Quello che è passato un po’ in cavalleria e avrebbe invece meritato maggior rilievo è un dato di fatto inoppugnabile, ossia che è da questa data che la proposta musicale europea (leggi = anglosassone), intraprende un rivoluzionario processo di maturazione tecnico-stilistica. Rifiutandosi di eleggere a proprio singolo d’esordio una cover di sicura presa (nella fattispecie, la pur valida How do you do it di Mitch Murray), i quattro non solo troncavano uno standard assodato per i gruppi e solisti dell’epoca, ma affermavano fin da subito personalità e sicurezza nei propri mezzi, malgrado le perplessità di George Martin, non esattamente un inserviente qualsiasi all’interno della EMI. E nonostante i testi da baci perugina (Suvvia, stiamo parlando di ventenni in amore – avranno modo di passare a tematiche più profonde), l’armonica bluseggiante di Lennon e le impegnative armonie vocali sul refrain, specialmente al colmo dello stesso, costituirono solo i primi esempi d’un talento innovativo che avrebbe visto il proprio apice nel biennio ‘66-’67.

P.S.I love you non era da meno. Raccogliendo le argute indicazioni di Wikipedia: “Ci sono due eccezioni notevoli (nella canzone) rispetto al modello contemporaneo. Durante il coro di apertura, l’accordo DO#7 viene inserito in modo incongruo tra il SOL e il RE, e proprio sul ritornello, ecco comparire un’inusitata variazione in SI Bemolle”. Naturalmente erano queste delle peculiarità di cui il pubblico dei quattro, 90% adoranti ragazzine, non aveva grosse probabilità di rendersi conto, un po’ più grave il fatto che non se ne accorgesse la critica musicale, occupata com’era a denigrare il fenomeno. Insomma il primo quarantacinque giri dei Beatles svelava alle orecchie più fini che ci sarebbe stato d’aspettarsi qualcosa di più che quattro bellocci con la chitarra (anzi, tre bellocci con la chitarra e un bruttino con la batteria), buoni giusto a lanciar battute sarcastiche dal palco (John), a svolgere un affidabile e frustrante gregariato (Ringo e George) o a gettar languidi sguardi da pesce lesso nelle interviste (Paul). Ogni nuova canzone, ogni successo da classifica avrebbe fatto registrare in quest’ambito dei passi in avanti, più o meno evidenti. D’ altronde i Beatles passavano ore in studio (da un certo momento in poi, poterono facilmente permetterselo), curiosi di sperimentare, testare, studiare, osare. Esempi? A bizzeffe. Tanto per citarne qualcuno, solo e unicamente dell’epoca yeh-yeh: l’apertura col ritornello di She loves you o il crescendo all’inizio di EIght days a week, a livello stilistico; su un piano più squisitamente tecnico, come non citare l’ accordo di apertura di A hard day’s night, il cui impatto sarà paragonato solo al terrificante MI maggiore che chiude A day in the life, piuttosto che il groove straordinario di All my loving, che i quattro si permisero perfino di non pubblicare come singolo. A partire dal 1966 e con la fine delle esibizioni dal vivo, l’attività in studio assorbirà la band in maniera totalizzante, ma questa è già un’altra storia.

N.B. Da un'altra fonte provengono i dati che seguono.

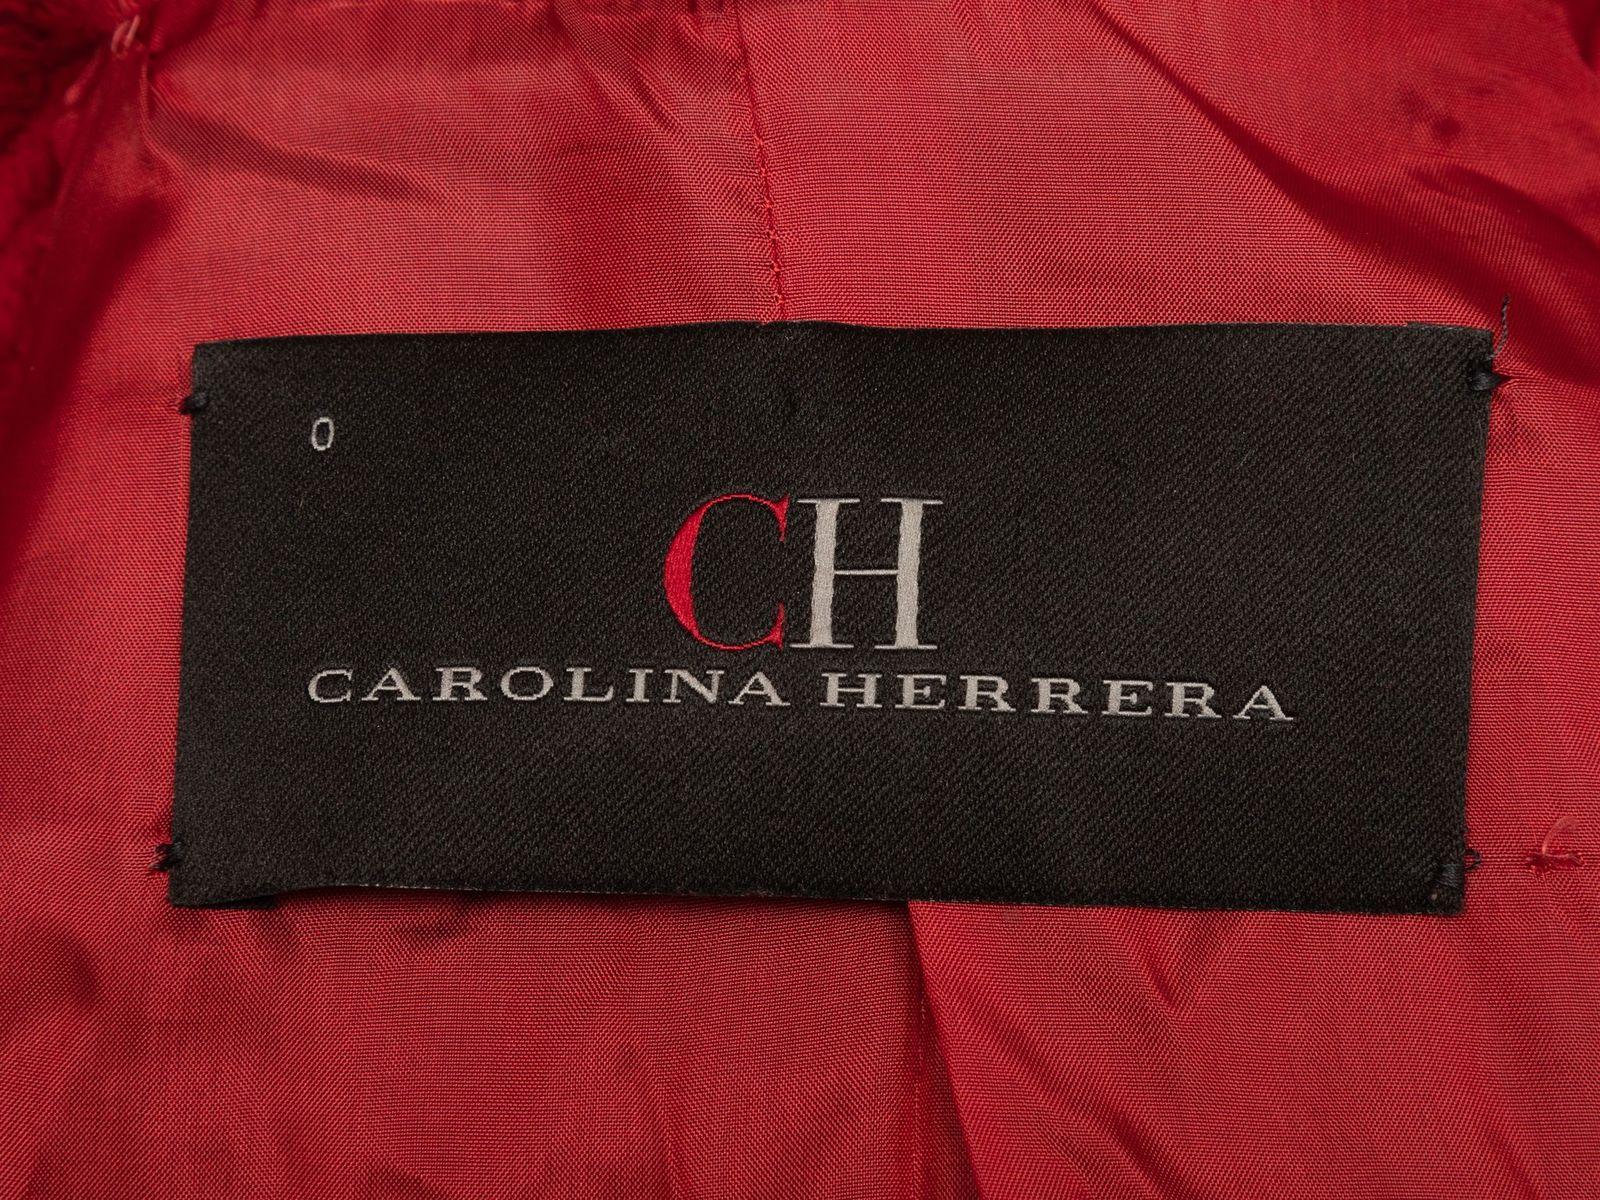 Product Details: Red wool textured double-breasted coat by Carolina Herrera. Pointed collar. Button closures at front. 31
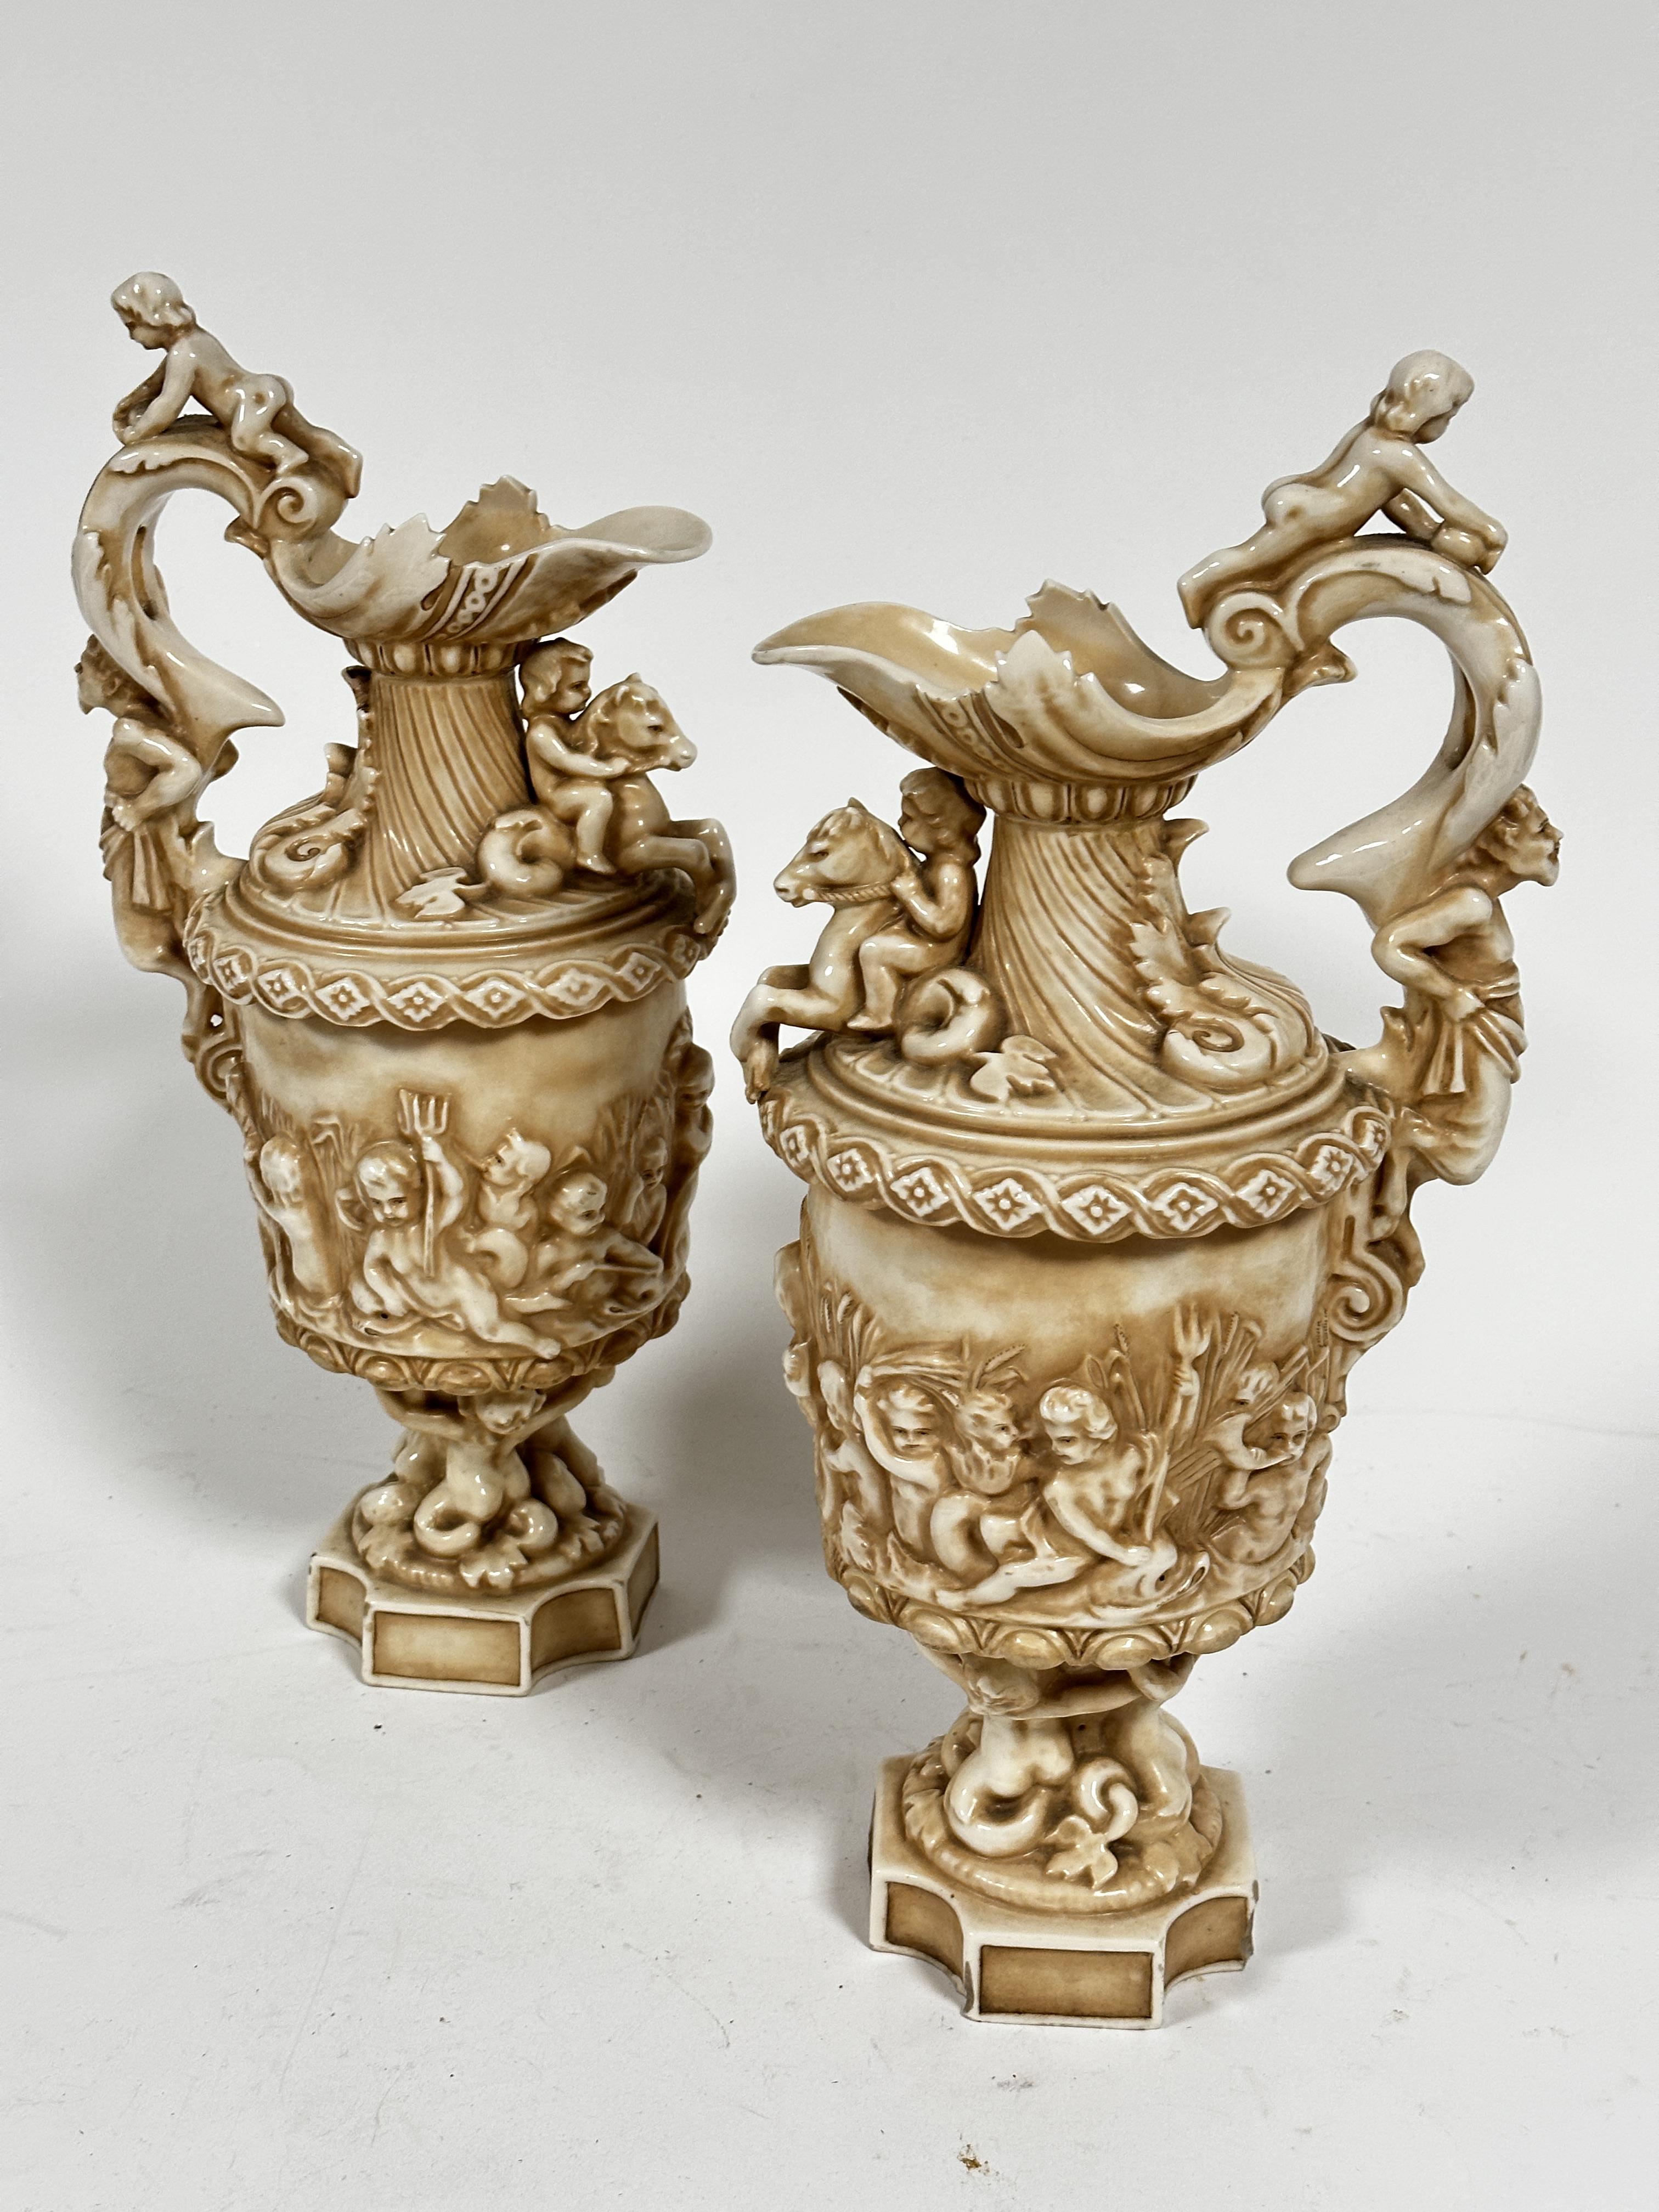 A pair of late 19thc Rudolstadt Straus & Sohne ewers, the handles mounted with cherubs with mask

Non c’è niente di male, sottinteso, a celebrare con un fil d’emozione questo mezzo secolo trascorso dal primo vagito su vinile dei Beatles, (che per buona sorte non sono poi sopravvissuti a sé stessi, come han fatto, goffamente, altri gruppi più o meno contemporanei), il fatto è che nell’immaginario collettivo l’immagine del gruppo viene raramente (eufemismo) innalzata a simbolo di perfezione tecnica, che è poi la sua dimensione propria, a vantaggio della scontata, ingannevole, lacunosa e via specificando, icona di mito sorridente.